# Activity
The listing, minus its pictures, is to be given again exactly.

# Raw data
- - -
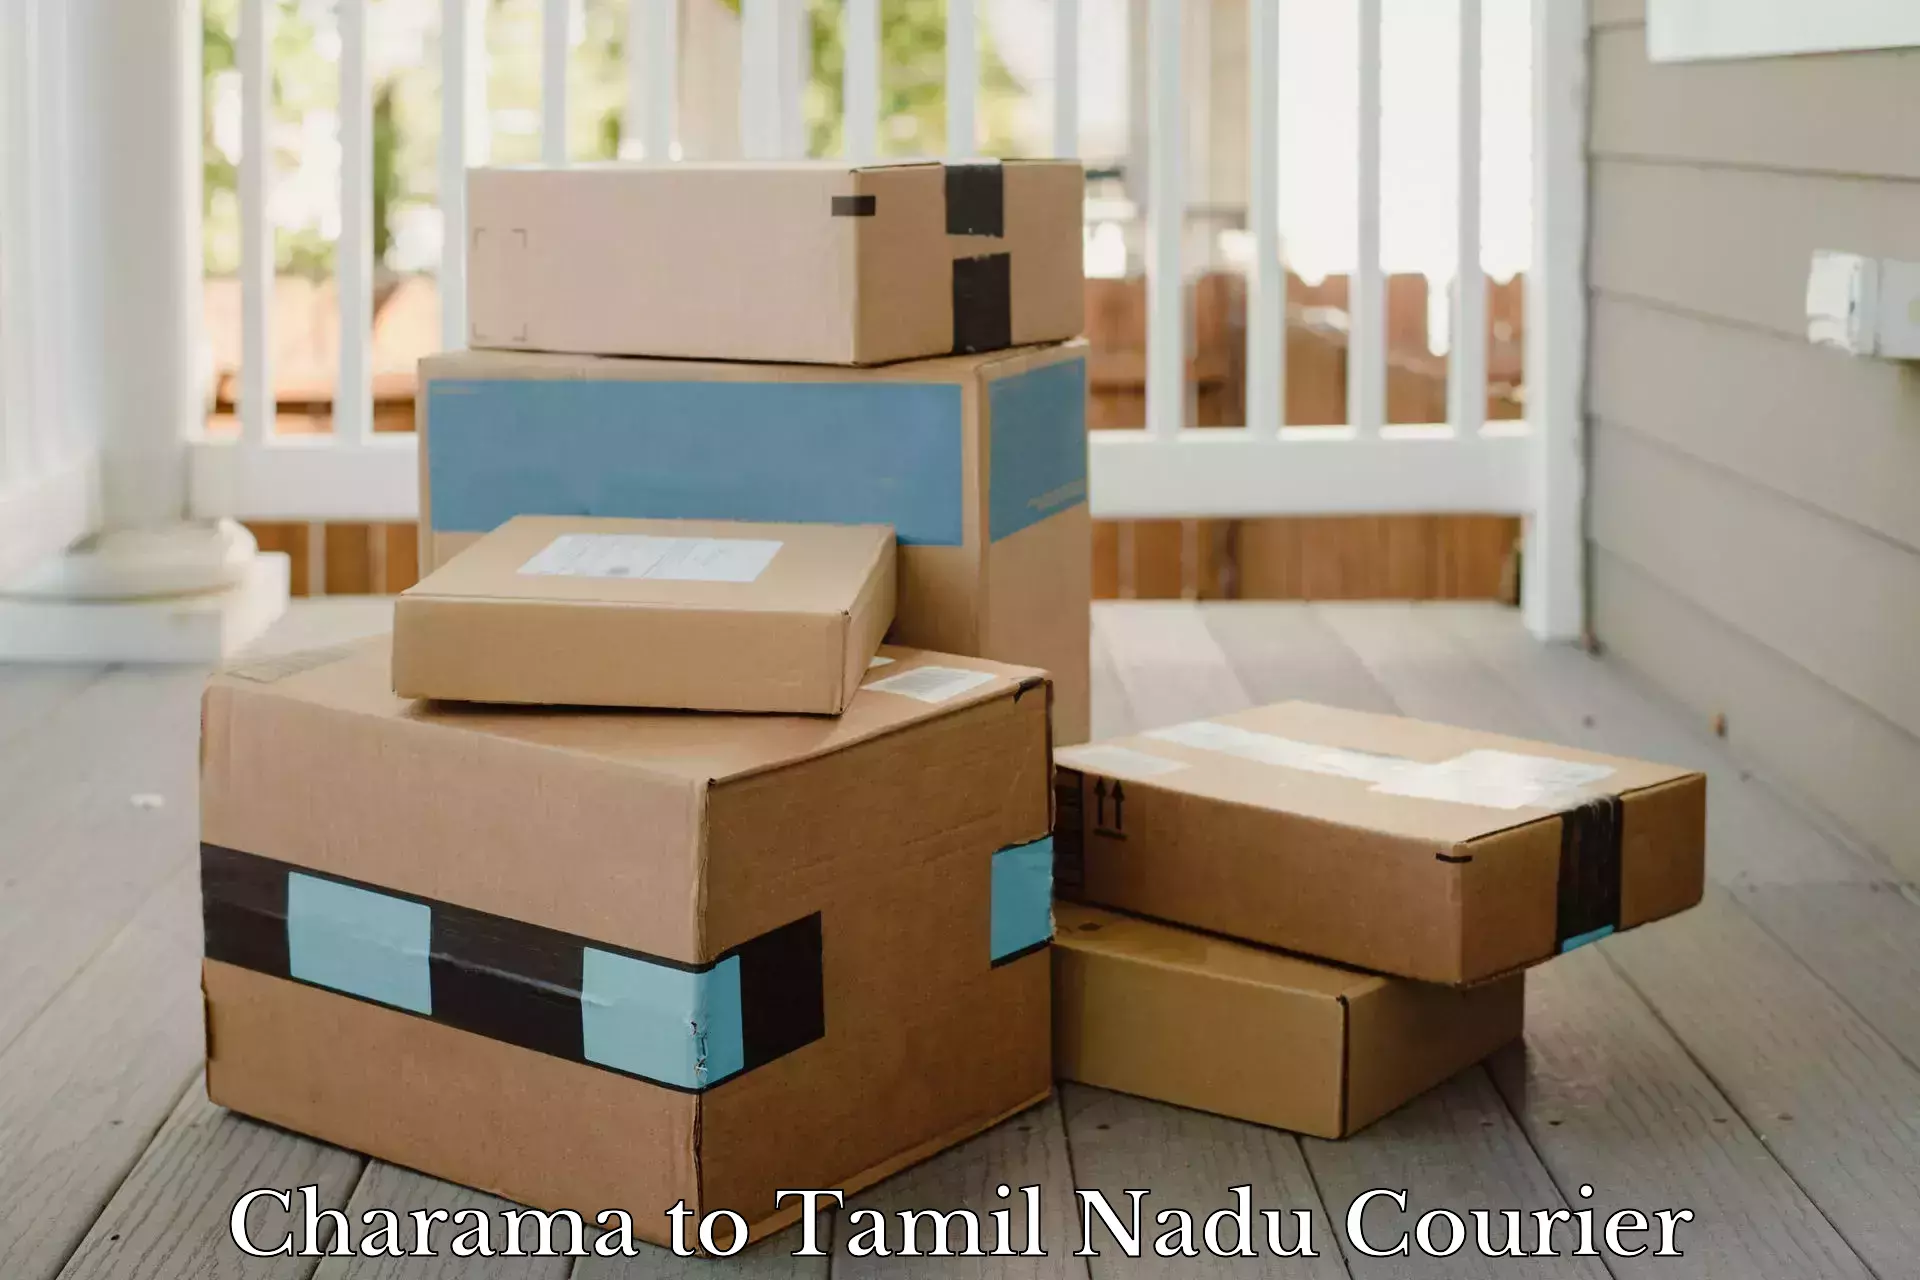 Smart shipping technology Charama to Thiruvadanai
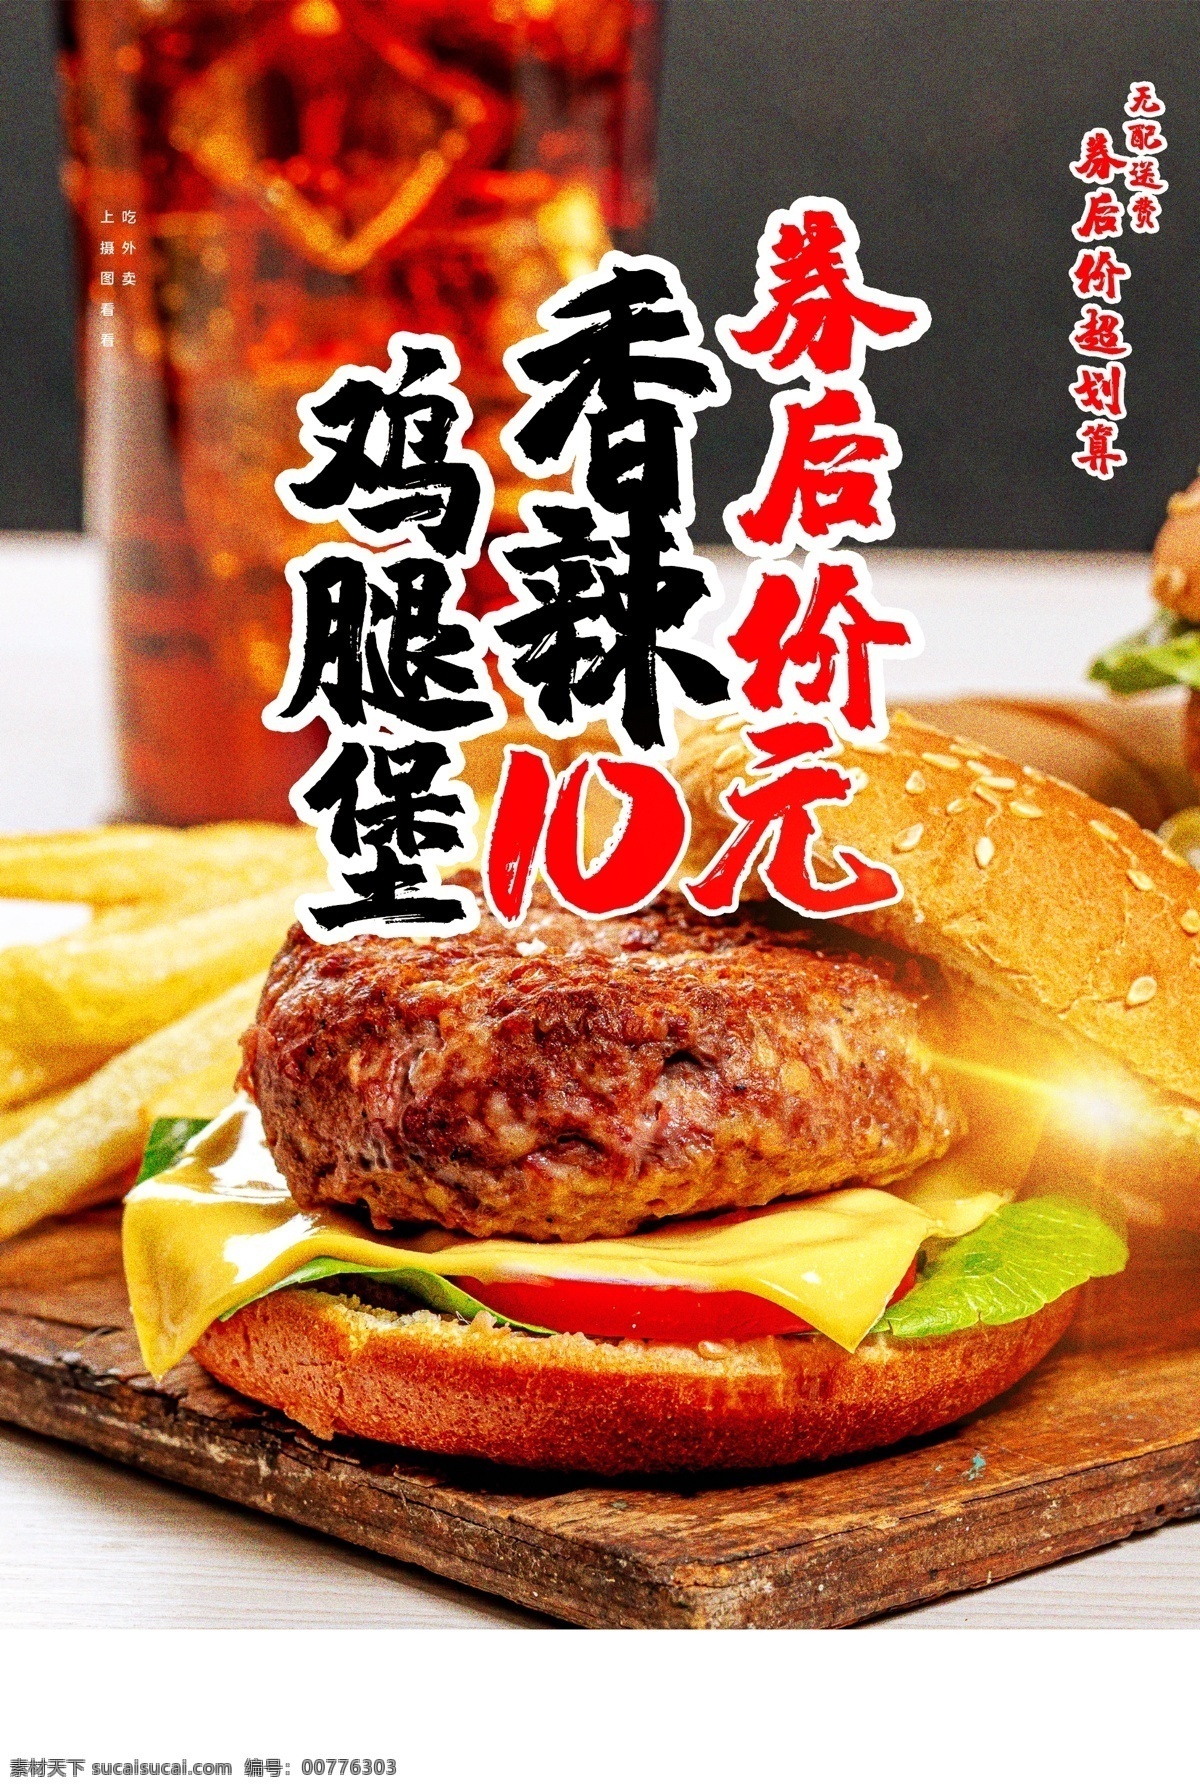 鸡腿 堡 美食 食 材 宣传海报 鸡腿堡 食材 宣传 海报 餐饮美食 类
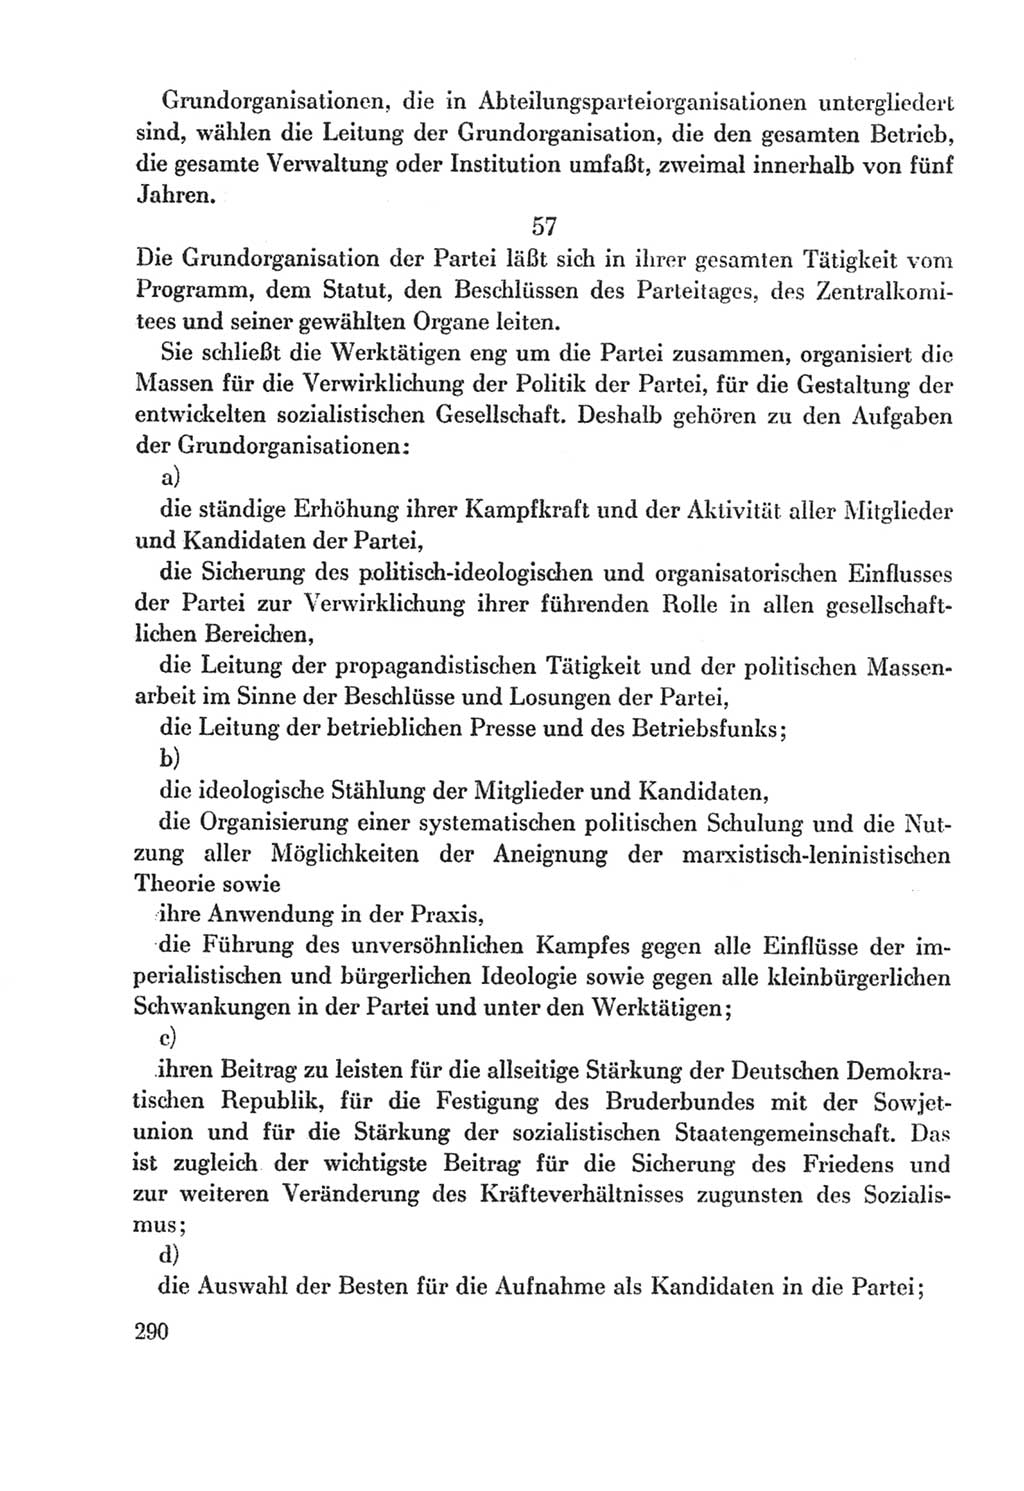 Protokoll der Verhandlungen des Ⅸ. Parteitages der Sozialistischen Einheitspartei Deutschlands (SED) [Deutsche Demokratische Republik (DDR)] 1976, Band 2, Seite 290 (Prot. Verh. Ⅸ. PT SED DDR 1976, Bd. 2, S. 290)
- - -
# Solved exercise
 Smart shipping technology Charama to Thiruvadanai
 鸡腿 堡 美食 食 材 宣传海报 鸡腿堡 食材 宣传 海报 餐饮美食 类
 Protokoll der Verhandlungen des Ⅸ. Parteitages der Sozialistischen Einheitspartei Deutschlands (SED) [Deutsche Demokratische Republik (DDR)] 1976, Band 2, Seite 290 (Prot. Verh. Ⅸ. PT SED DDR 1976, Bd. 2, S. 290)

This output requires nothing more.